TREASURIES-U.S. Oct bill rates jump as debt clock runs down

* Default fears lift October T-bill rates near 5-year highs

* U.S. lawmakers edge closer on deal to raise debt ceiling

* Longer-dated bond prices fall on hopes of fiscal stability

* Fitch puts United States on rating watch negative

By Richard Leong

NEW YORK, Oct 15 (Reuters) - Interest rates on U.S. Treasury bills that mature in the next two weeks jumped on Wednesday on fears the government will delay payments on them, even as lawmakers hinted there could be a deal to raise the debt ceiling before a Thursday deadline.

Until the $16.7 trillion statutory borrowing limit is actually increased, few investors are going to buy Treasury bills that come due in the latter half of October because of the possibility of a "technical default," analysts and traders said.

"It has not calmed down in the front-end bill market yet. No one feels confident about a deal yet," said Mary Beth Fisher, head of U.S. interest rates strategy at SG Corporate & Investment Banking in New York.

Risk of a default led Fitch Ratings to put the United States' AAA rating on "rating watch negative" late on Tuesday. Standard & Poor's stripped the United States of its top credit rating in August 2011 in the aftermath of the previous debt ceiling fight.

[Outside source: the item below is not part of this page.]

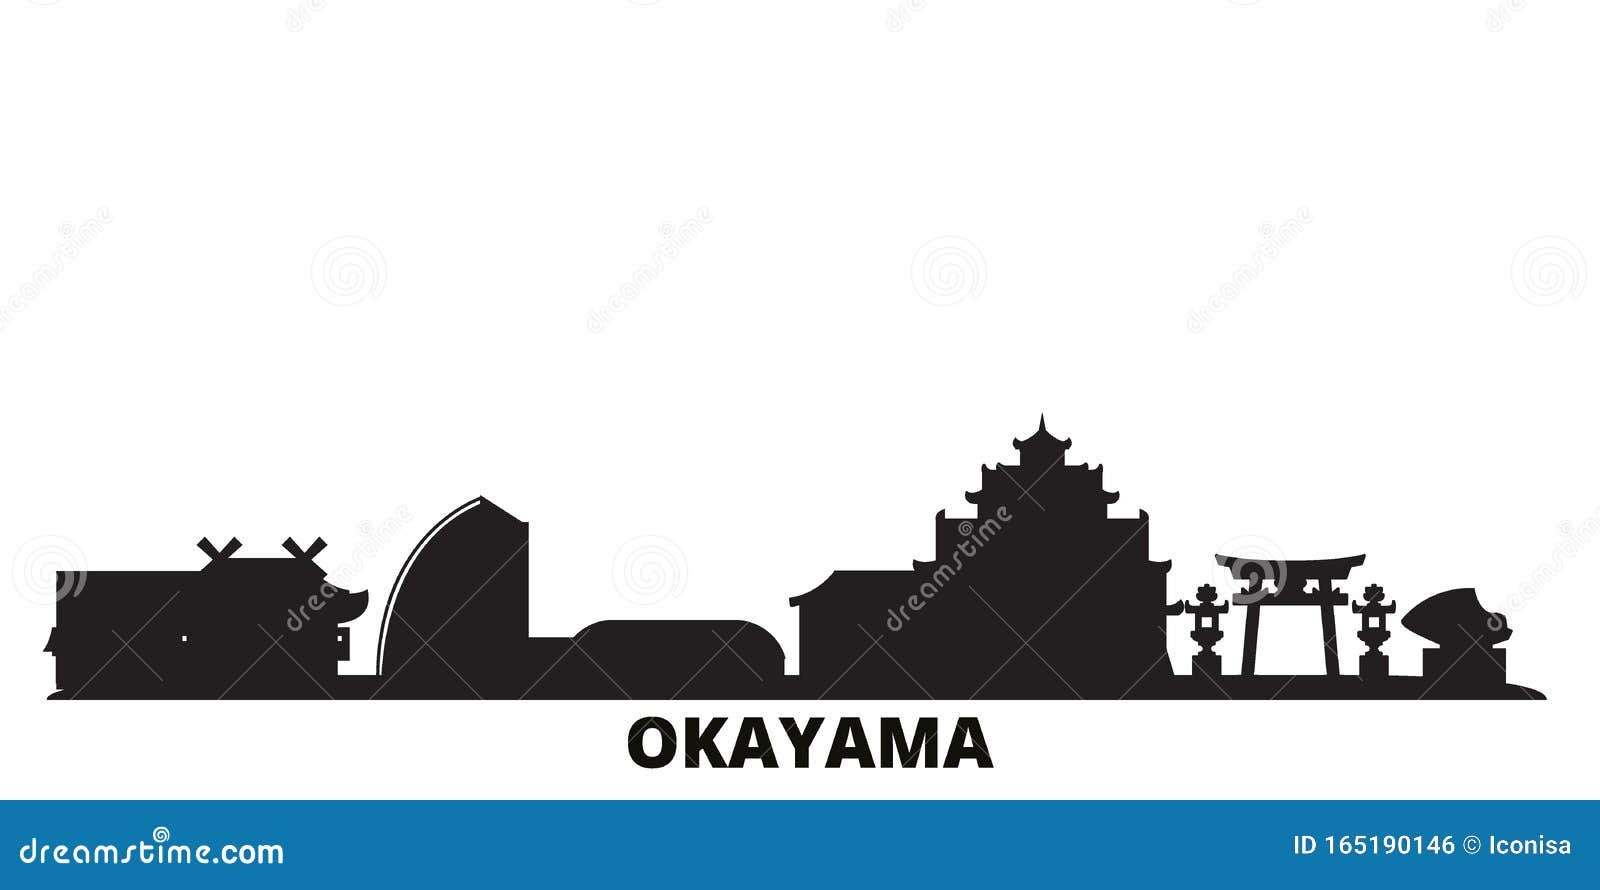 Japan, Okayama city skyline isolated vector illustration. Japan, Okayama travel black cityscape. Japan, Okayama city skyline isolated vector illustration. Japan, Okayama travel cityscape with landmarks

Interest rates on T-bills due on Oct. 24 and Oct. 31 swung wildly . They surged above 0.50 percent in late trading, up 30 basis points from late on Friday. The rates fell 10 basis points earlier on Tuesday on hopes that a debt ceiling agreement would be reached to avert a default.

The yield on a two-year Treasury note that matures at the end of October and was issued in 2011 jumped in sympathy with its October T-bill counterparts. Its yield last traded at 0.7297 percent, up 21 basis points from Friday.

The U.S. bond market was closed on Monday for the Columbus Day holiday.

Senate leaders were close to a deal that would reopen the government, which has been partially shut for two weeks, and raise the debt limit until early 2014, while an alternative plan proposed by House Republican leaders failed to gain enough support in a closed-door meeting for the House to proceed.

These proposed fixes on the debt ceiling and a possible end to the first government shutdown in 17 years rekindled some appetite for T-bills that mature in the second half of November to the end of the year, but T-bill rates in early 2014 rose on worries about another showdown between the White House and Republican lawmakers over the budget and the debt ceiling.

"They haven't taken out the default risk. They are just being repriced further out," SG's Fisher said.

Delayed payments on Treasuries, traders fear, could unleash chaos on financial markets where Treasuries are used as collateral for many types of loans and benchmarks for other interest rates. Even if the delay on Treasuries interest and principal payments is brief, the aftermath could be a headache for traders and investors.

"Operationally, it's going to be a mess to clear it up," said Bret Barker, portfolio manager at TCW in Los Angeles.

LOUSY T-BILL AUCTIONS

On Tuesday, the U.S. Treasury Department sold $35 billion worth of three-month bills and $30 billion worth of six-month bills at the weakest bids seen since 2009.

The Treasury will sell $68 billion in T-bills on Wednesday: $20 billion in one-month bills ; $26 billion in 189-day cash management bills and $22 billion in one-year bills .

Longer-dated Treasuries prices fell, signaling fewer safehaven bids on hopes of some longer-term fiscal stability, said Wilmer Stith, co-manager of the Wilmington Broad Market Bond Fund in Baltimore.

"In the two- to 30-year part of the curve, yields rise when it seems there's a greater probability of extending the debt ceiling and reopening the government," he said.

Benchmark 10-year Treasury notes fell 9/32 in price for a yield of 2.726 percent, up 3.5 basis points from late on Friday.

The 30-year bond shed 22/32 to yield 3.785 percent, up about 4 basis points from Friday.